Data section: Begin
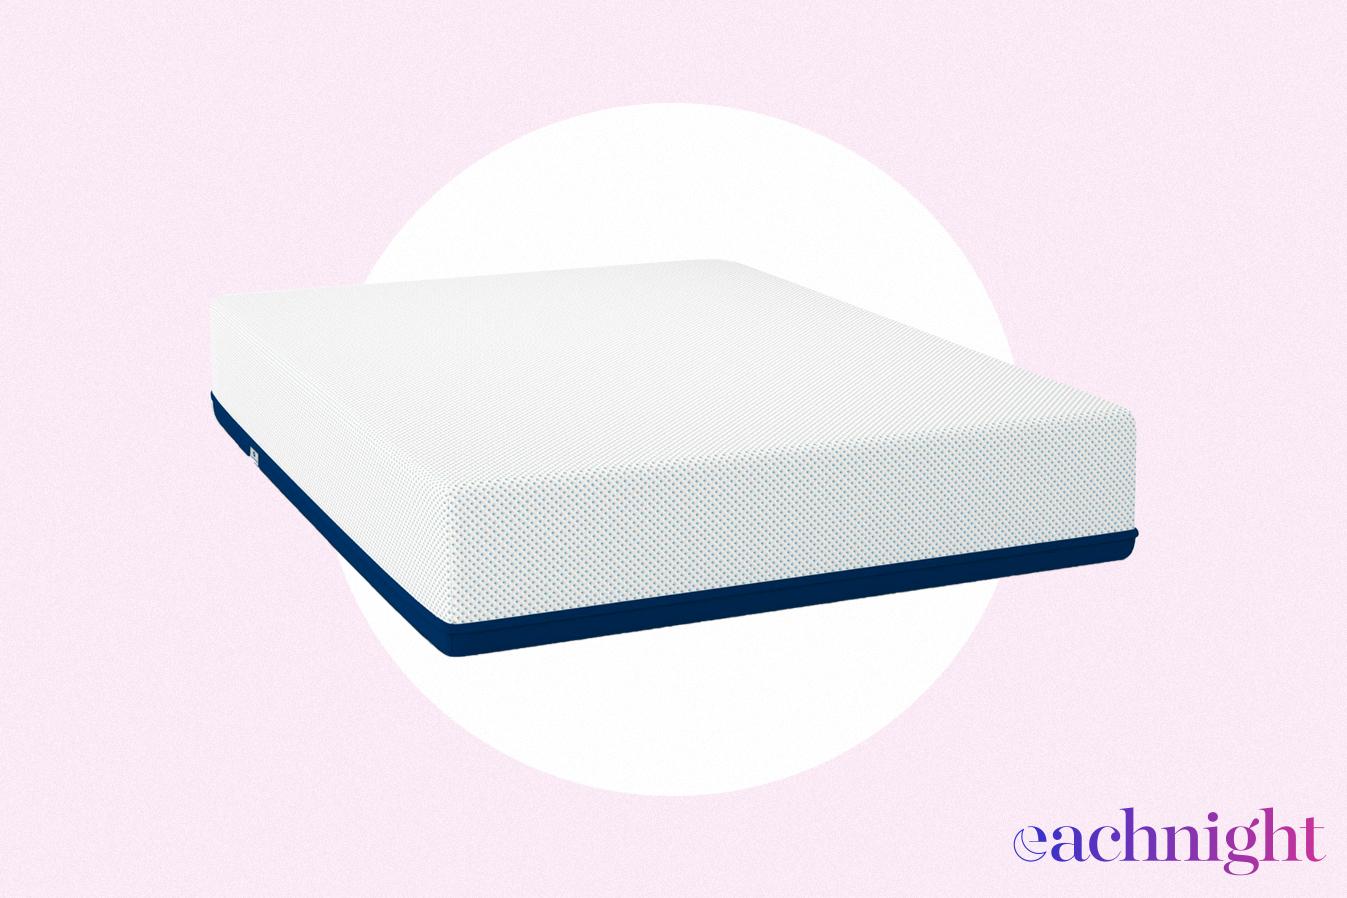 Amerisleep AS5 Best Soft Mattress
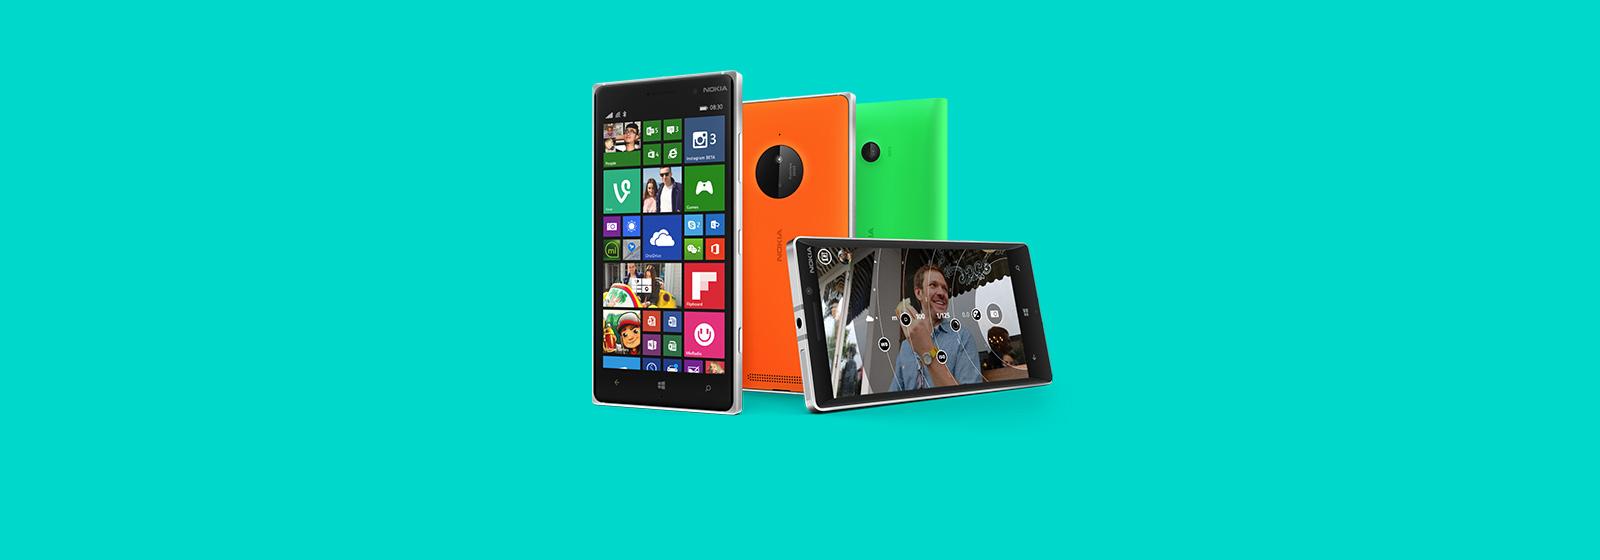 Iskoristite još više svoj pametni telefon. Saznajte više o uređajima Lumia.
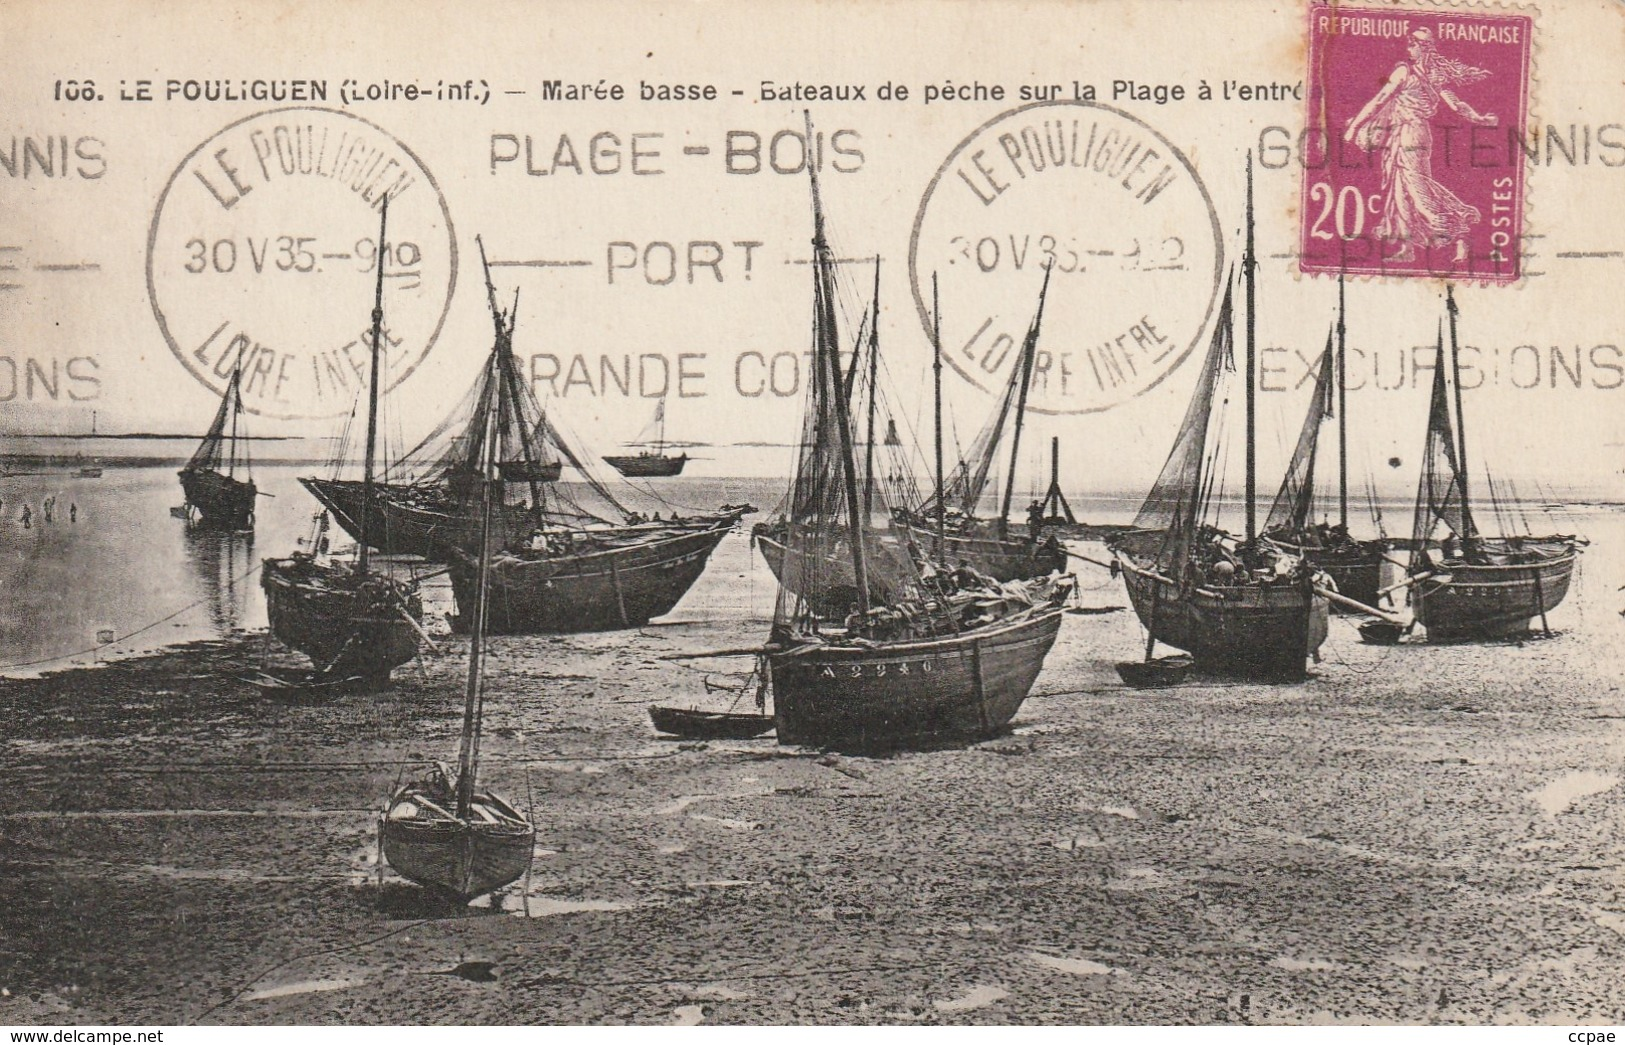 Marée Basse - Bateaux De Pêche Sur La Plage à L'entrée ... - Le Pouliguen
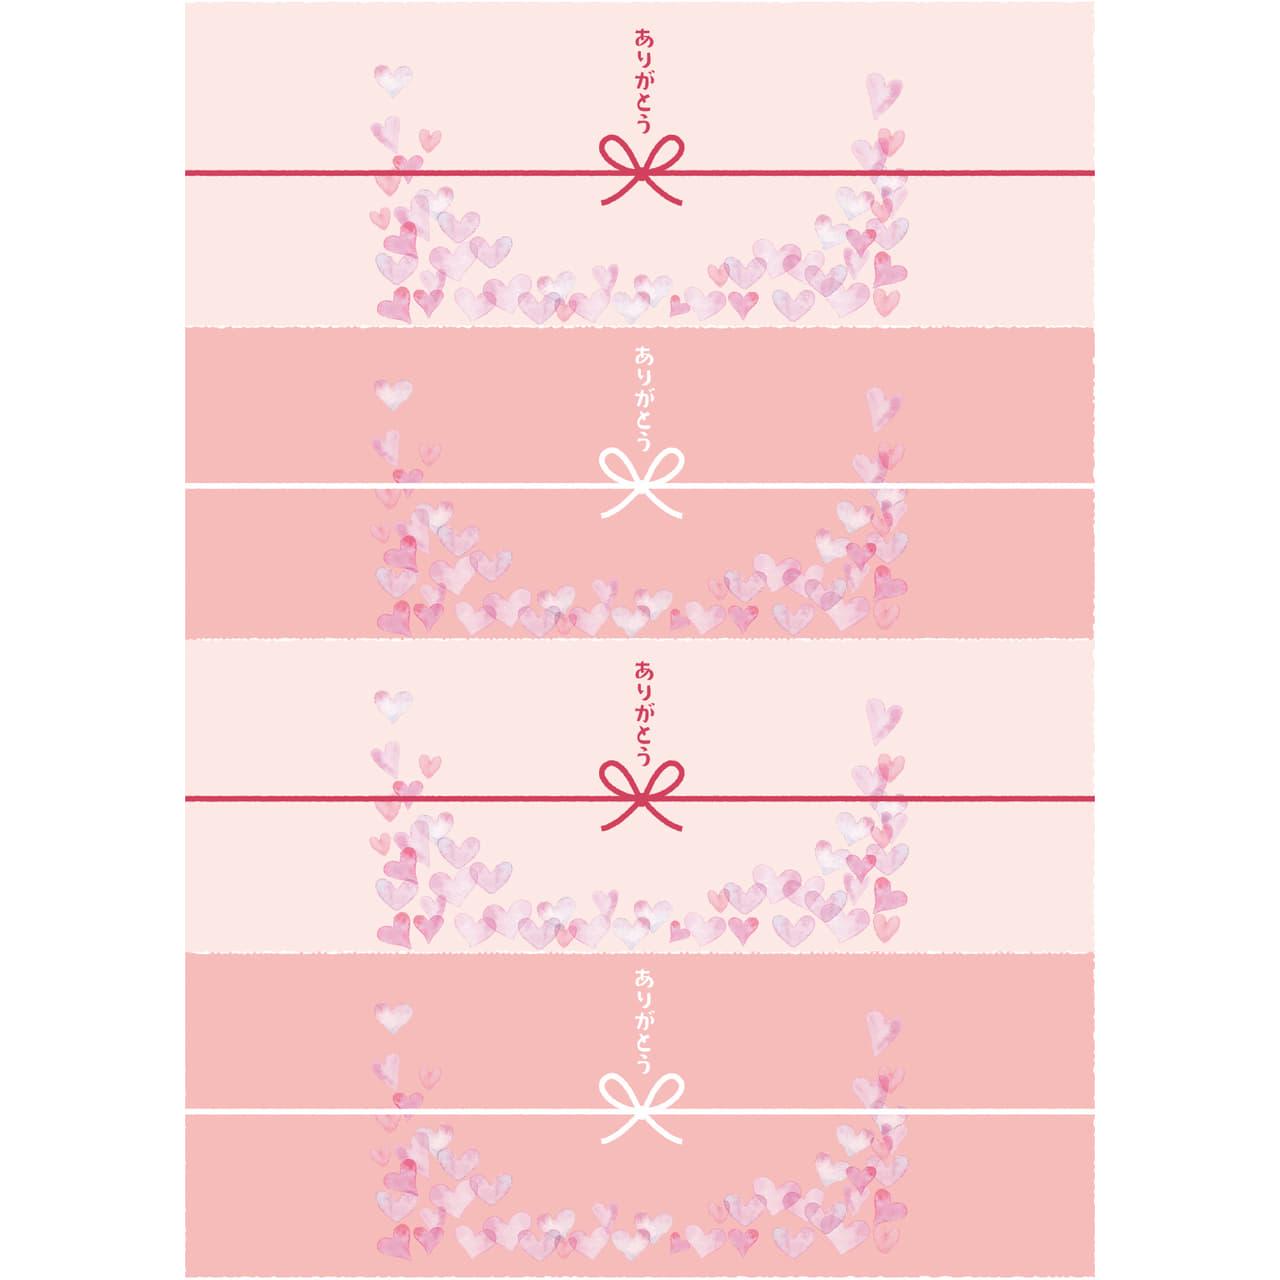 切って使えるピンク色のハートのかわいいのし紙ーメッセージ付き(4分割)
Data section: End
# [Task requirements]
Extract the lines beginning with the one that contains "Iskoristite još više" and ending with the last line of the listing. Keep them exact and drop the pictures.

# [Task result]
 Iskoristite još više svoj pametni telefon. Saznajte više o uređajima Lumia.
 Marée Basse - Bateaux De Pêche Sur La Plage à L'entrée ... - Le Pouliguen
 切って使えるピンク色のハートのかわいいのし紙ーメッセージ付き(4分割)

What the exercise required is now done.